In IPython, you can easily combine code, comments, formulas, charts and interactive plots, and rich media such as images and videos, making it a complete scientific sketchpad for all your experimentations and their results together. Moreover, IPython allows reproducible research, allowing any data analysis and model building to be recreated easily under different circumstances:

IPython works on your favorite browser (which could be Explorer, Firefox, or Chrome, for instance) and when started presents a cell waiting for code to written in. Each block of code enclosed in a cell can be run and its results are reported in the space just after the cell. Plots can be represented in the notebook (inline plot) or in a separate window. In our example, we decided to plot our chart inline.

Notes can be written easily using the Markdown language, a very easy and accessible markup language (http://daringfireball.net/projects/markdown).

Such an approach is also particularly fruitful for tasks involving developing code based on data, since it automatically accomplishes the often-neglected duty of documenting and illustrating how data analysis has been done, as well as its premises, assumptions, and intermediate/final results. If part of your job is also to present your work and attract internal or external stakeholders to the project, IPython can really perform the magic of storytelling for you with little additional effort. On the web page https://github.com/ipython/ipython/wiki/A-gallery-of-interesting-IPython-Notebooks, there are many examples, some of which you may find inspiring for your work as we did.

Actually, we have to confess that keeping a clean, up-to-date IPython Notebook has saved us uncountable times when meetings with managers/stakeholders have suddenly popped up, requiring us to hastily present the state of our work.

As an additional resource, IPython offers you a complete library of many magic commands that allow you to execute some useful actions such as measuring the time it takes for a command to execute, or creating a text file with the output of a cell. We distinguish between line magic and cell magic, depending on whether they operate a single line of code or the code contained in an entire cell. For instance, the magic command %timeit measures the time it takes to execute the command on the same line of the line magic, whereas %%time is a cell magic that measures the execution time of an entire cell.

If you want to explore more about magic commands, just type %quickref into an IPython cell and run it: a complete guide will appear to illustrate all available commands.

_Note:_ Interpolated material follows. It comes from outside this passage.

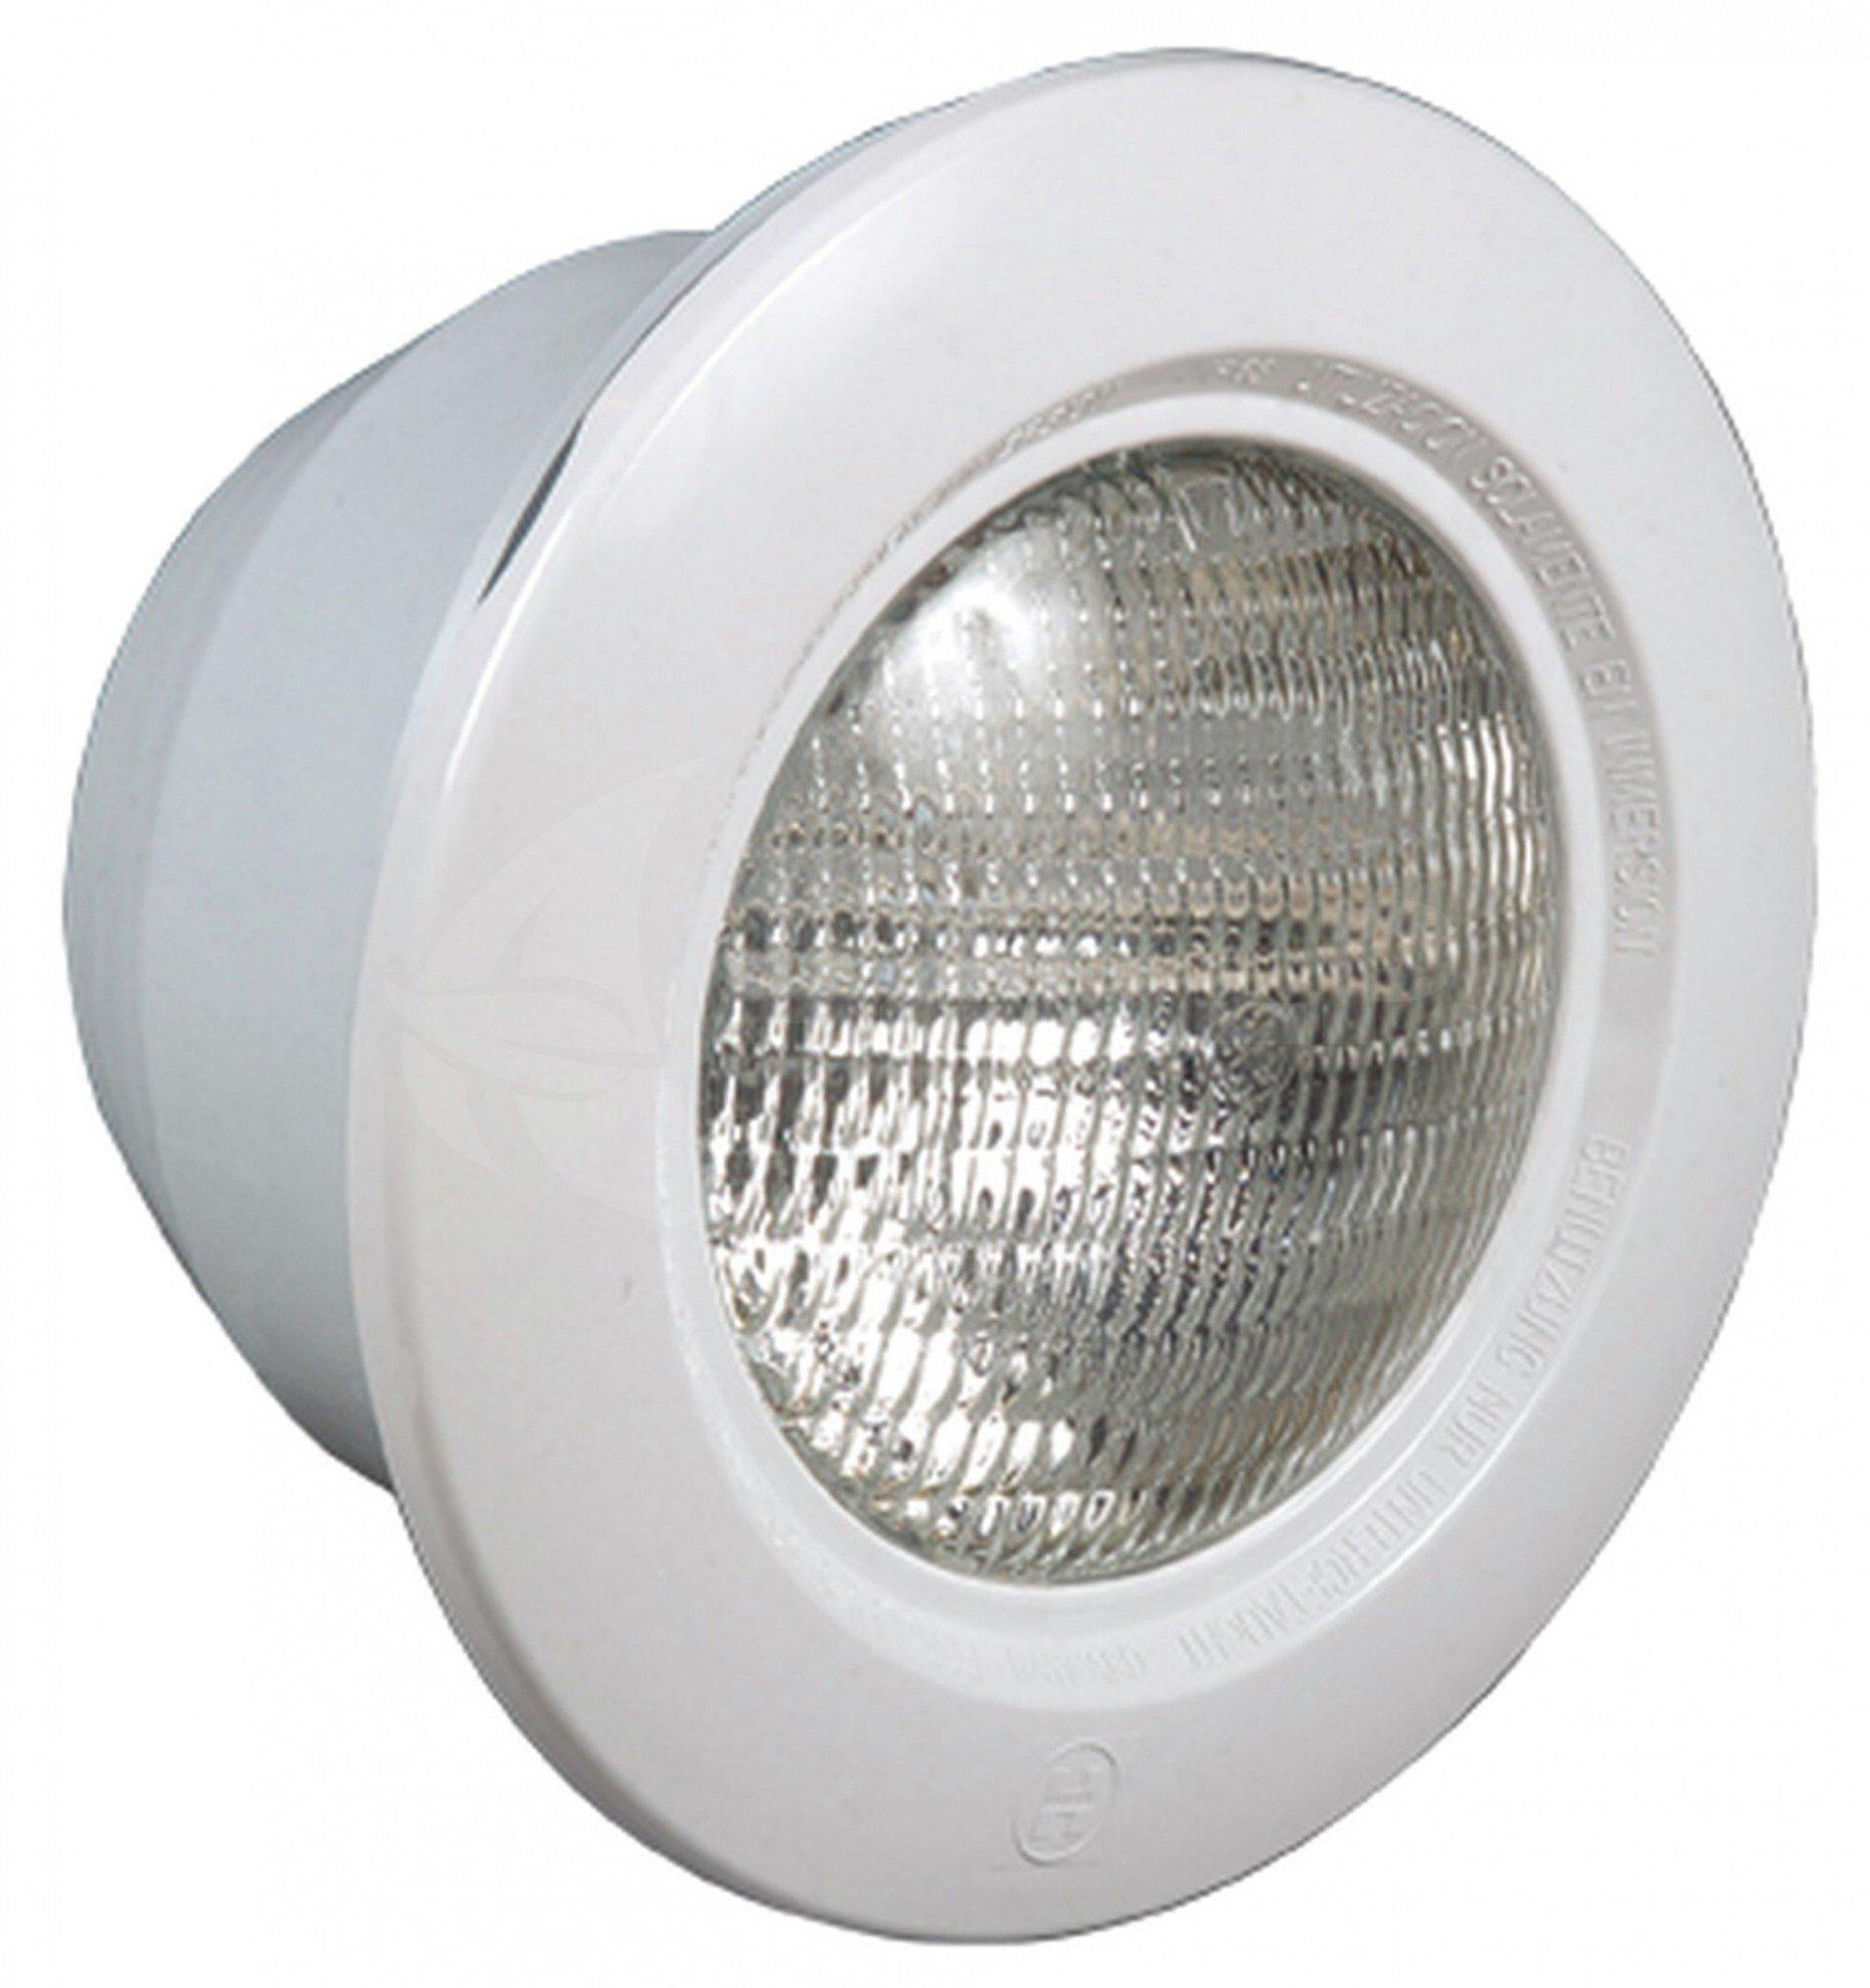 Afbeelding van Hayward Design zwembadlamp 300w

In short, IPython lets you:

  • See intermediate (debugging) results for each step of the analysis

  • Run only some sections (or cells) of the code

  • Store intermediate results in JSON format and have the ability to version-control them

  • Present your work (this will be a combination of text, code, and images), share it via the IPython Notebook Viewer service (http://nbviewer.ipython.org/), and easily export it into HTML, PDF, or even slide shows

IPython is our favored choice throughout this book, and it is used to clearly and effectively illustrate operations with scripts and data and their consequent results.

Note

For a complete treatise on the full range of IPython functionalities, please refer to the two Packt Publishing books IPython Interactive Computing and Visualization Cookbook, Cyrille Rossant, Packt Publishing, September 25 2014, and Learning IPython for Interactive Computing and Data Visualization, Cyrille Rossant, Packt Publishing, April 25 2013.

For our illustrative purposes, just consider that every IPython block of instructions has a numbered input statement and an output one, so you will find the code presented in this book structured in two blocks, at least when the output is not at all trivial; otherwise just expect only the input part:

In:  <the code you have to enter>
Out: <the output you should get>

Please notice that we do not number the inputs or the outputs.

Though we strongly recommend using IPython, if you are using a REPL approach or an IDE interface, you can use the same instructions and expect identical results (but for print formats and extensions of the returned results).